Problem to solve: Restate the listing below word for word, omitting any images.
##### Supplied data
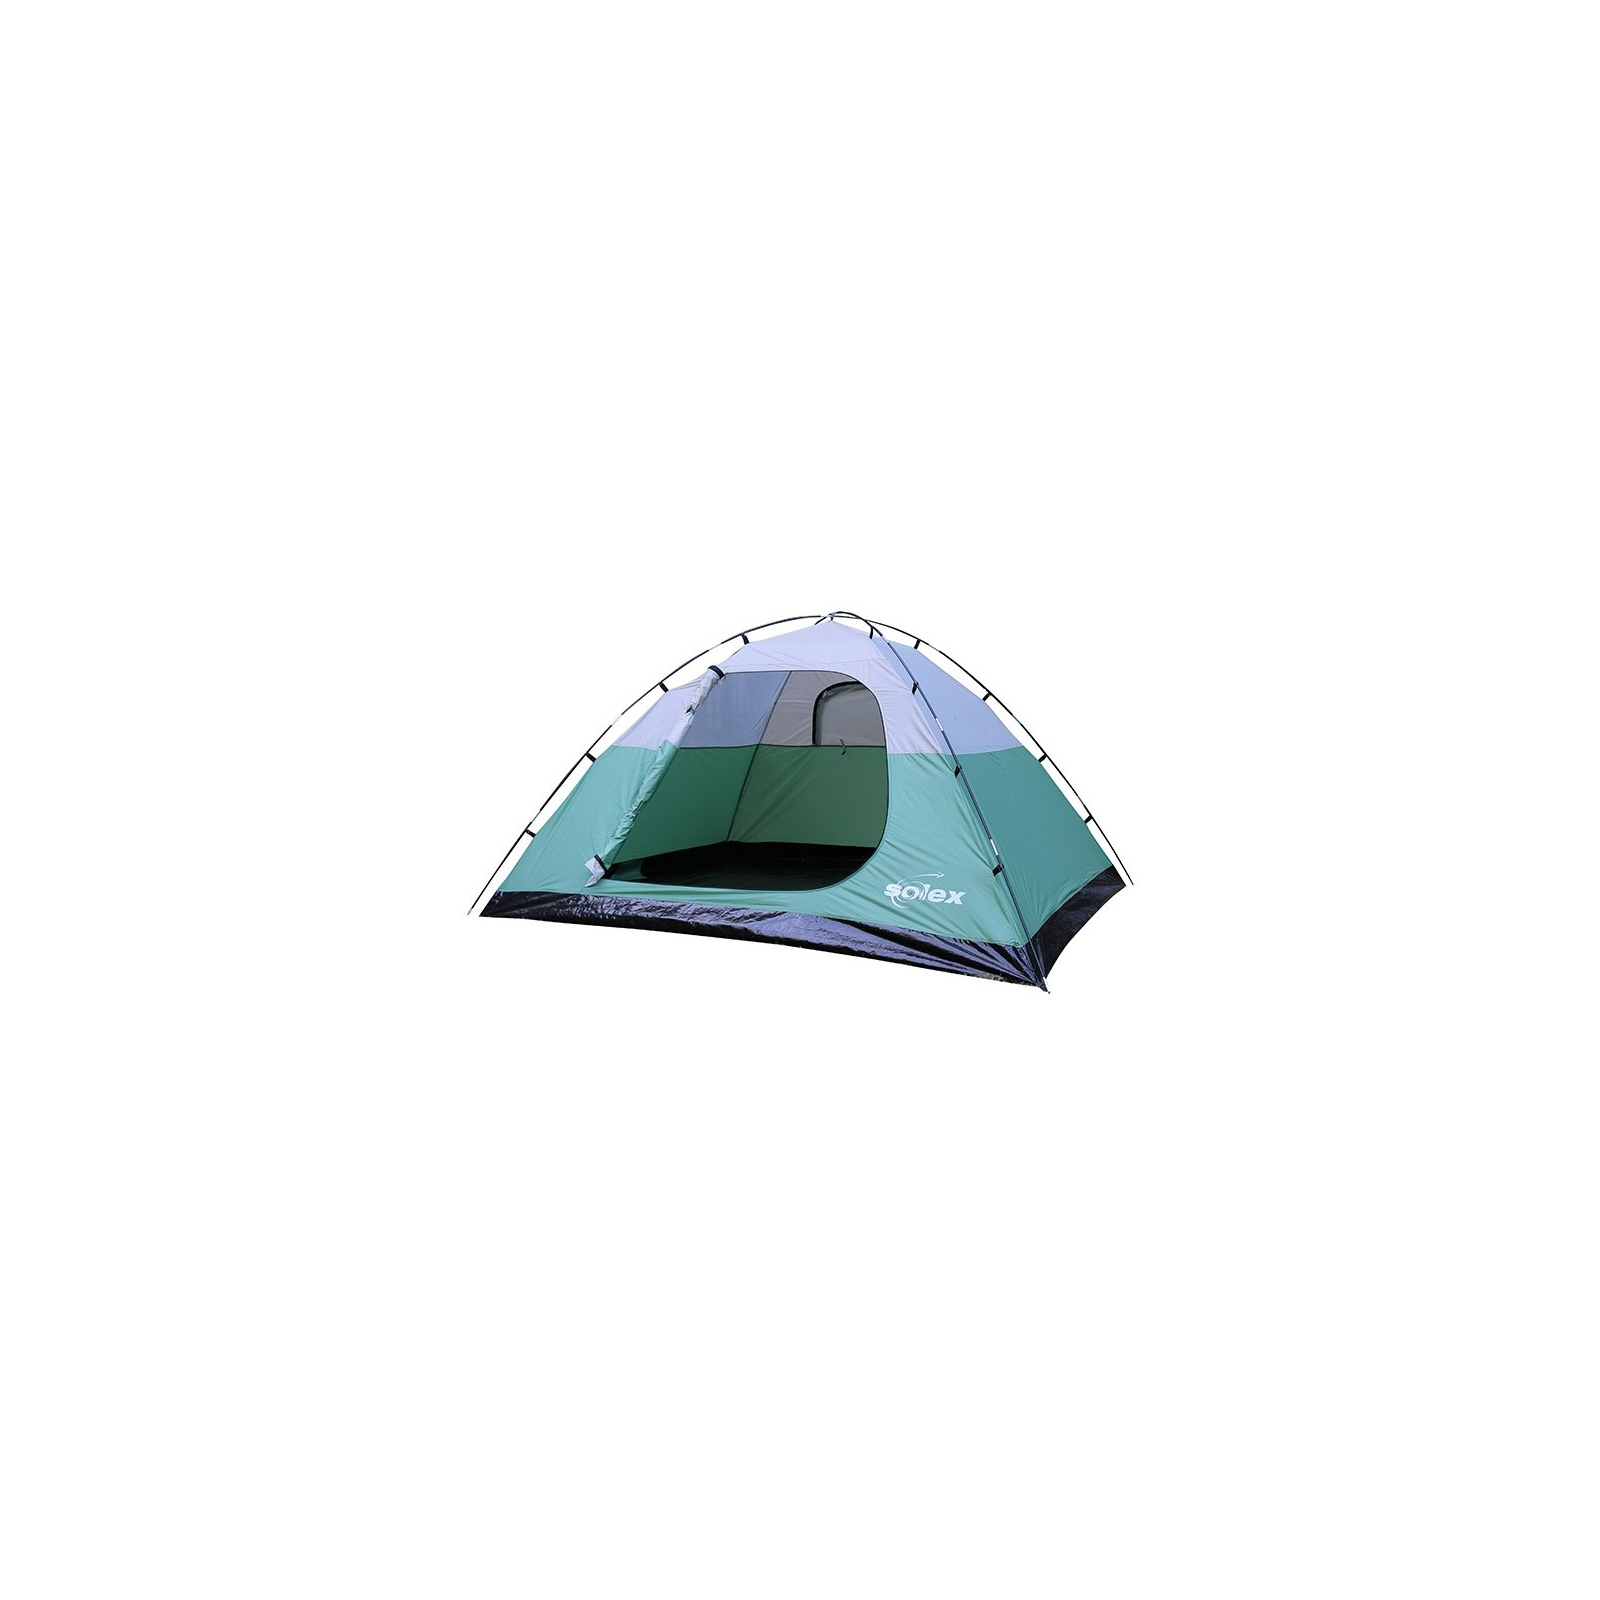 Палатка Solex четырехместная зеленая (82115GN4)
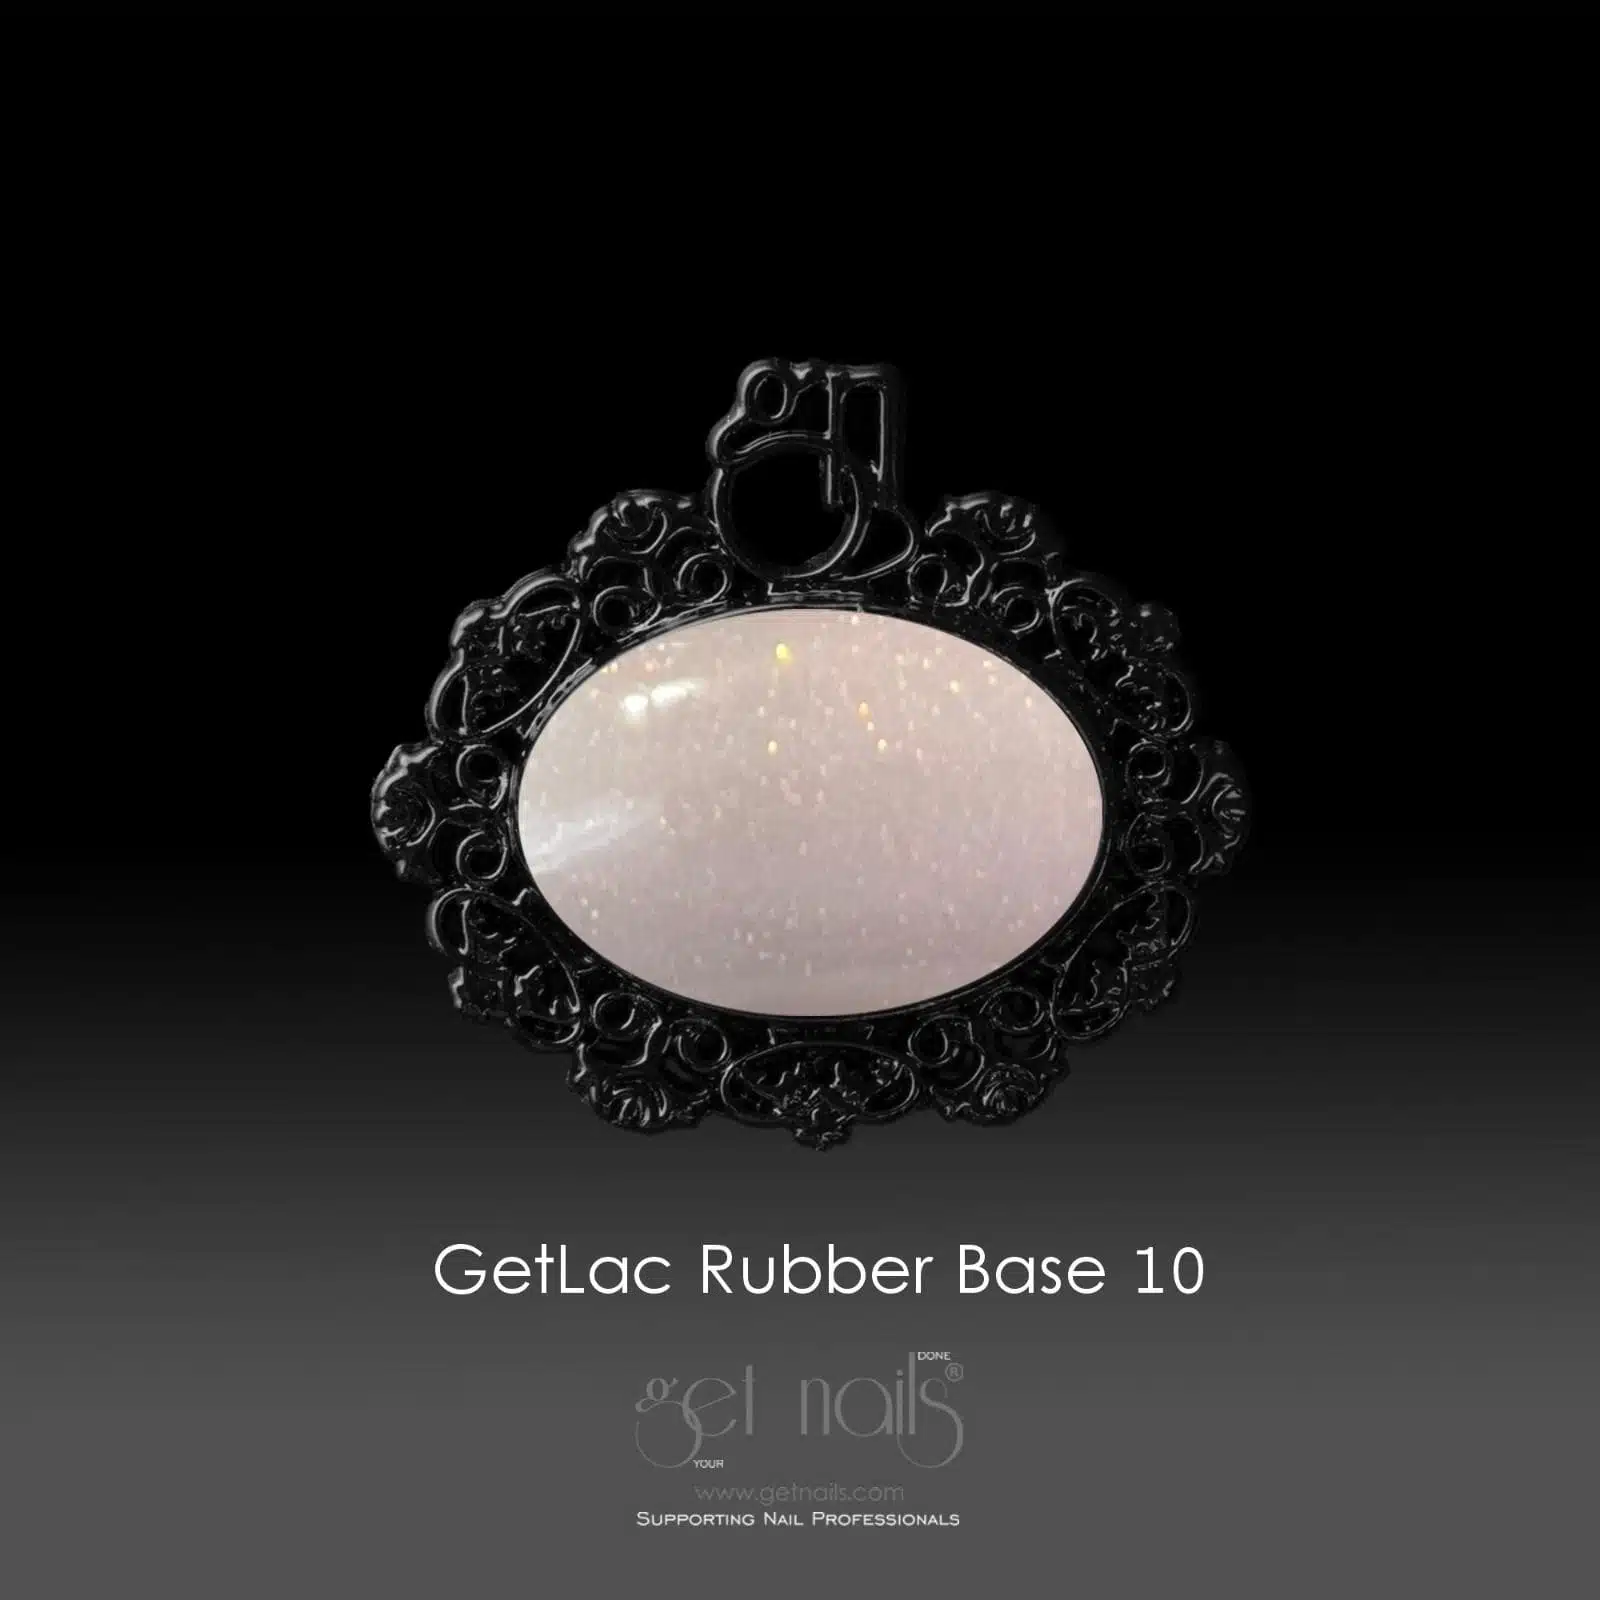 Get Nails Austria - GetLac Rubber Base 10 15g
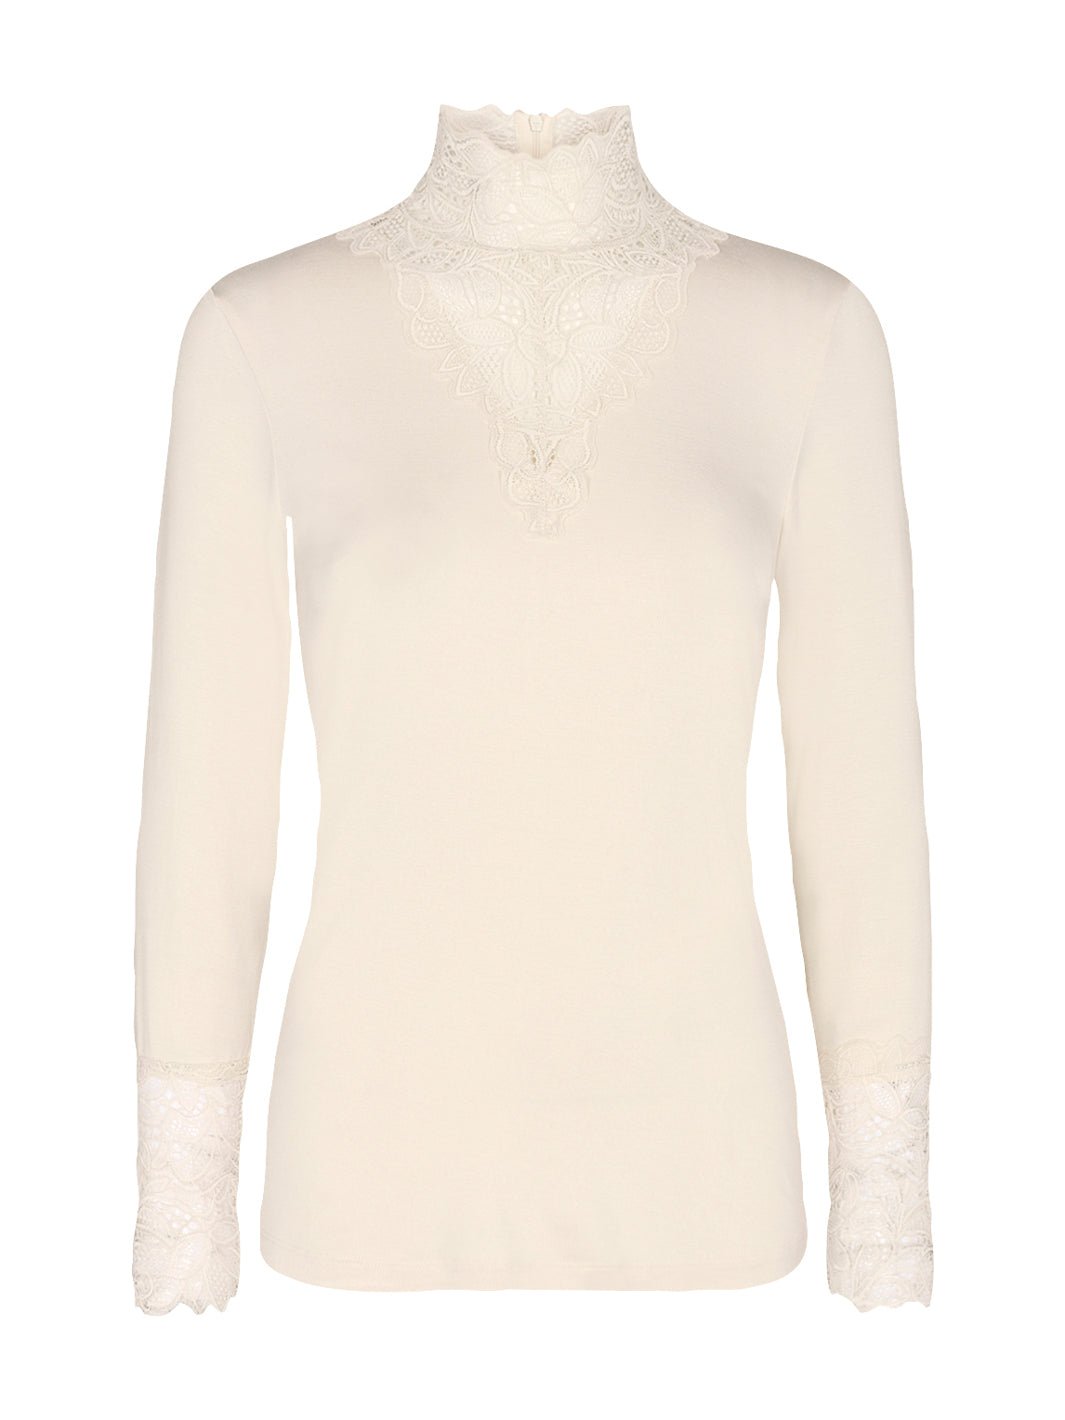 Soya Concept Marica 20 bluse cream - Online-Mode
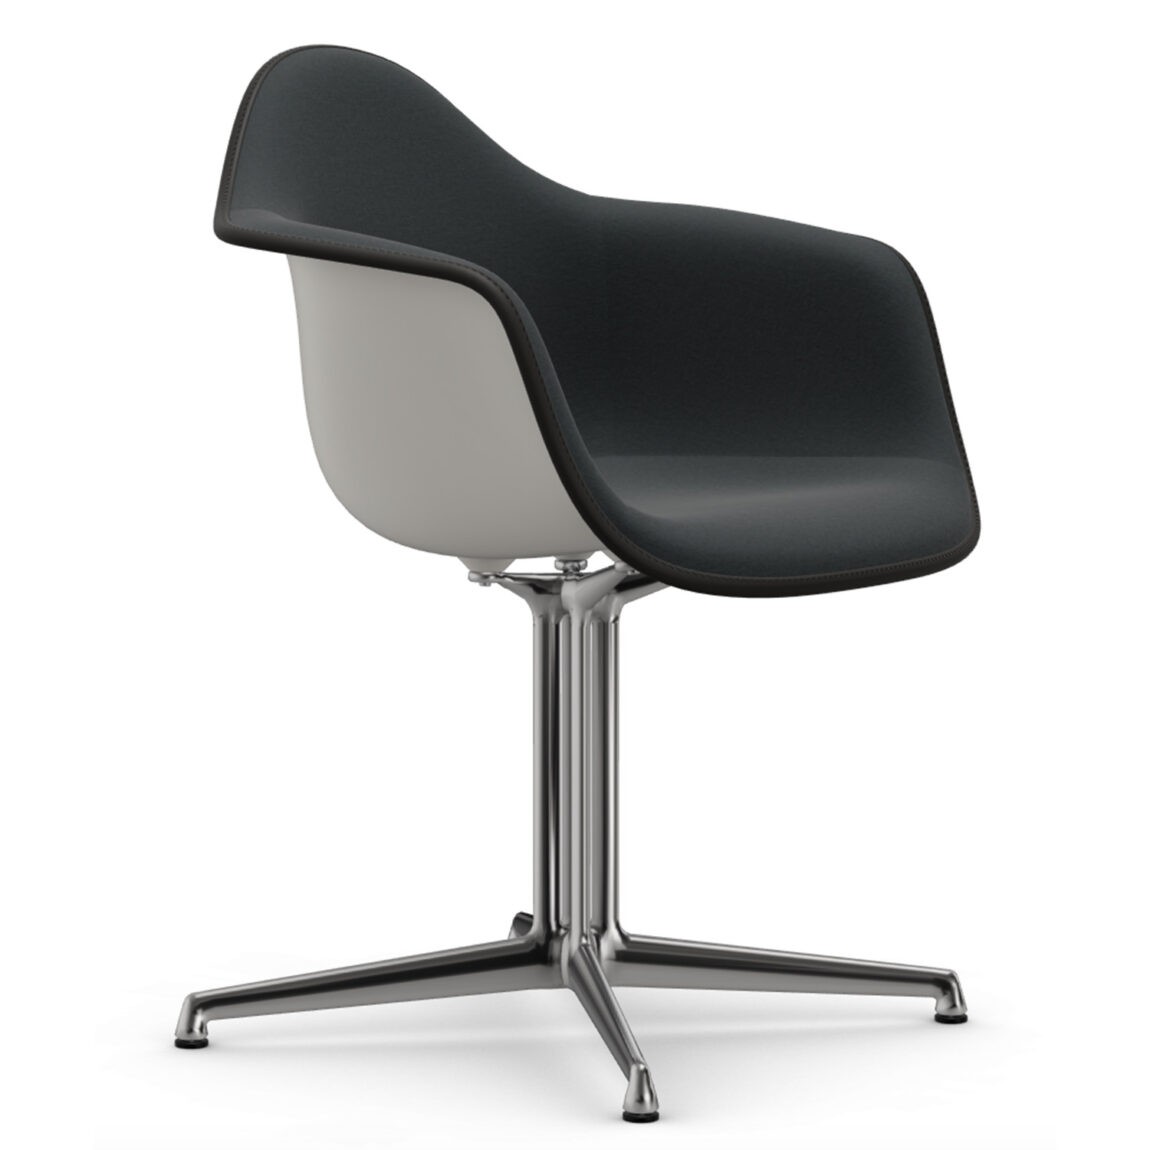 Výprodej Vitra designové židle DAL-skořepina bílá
##########
Result of the exercise:
 Палатка Solex четырехместная зеленая (82115GN4)
 Get Nails Austria - GetLac Rubber Base 10 15g
 Soya Concept Marica 20 bluse cream - Online-Mode
 Výprodej Vitra designové židle DAL-skořepina bílá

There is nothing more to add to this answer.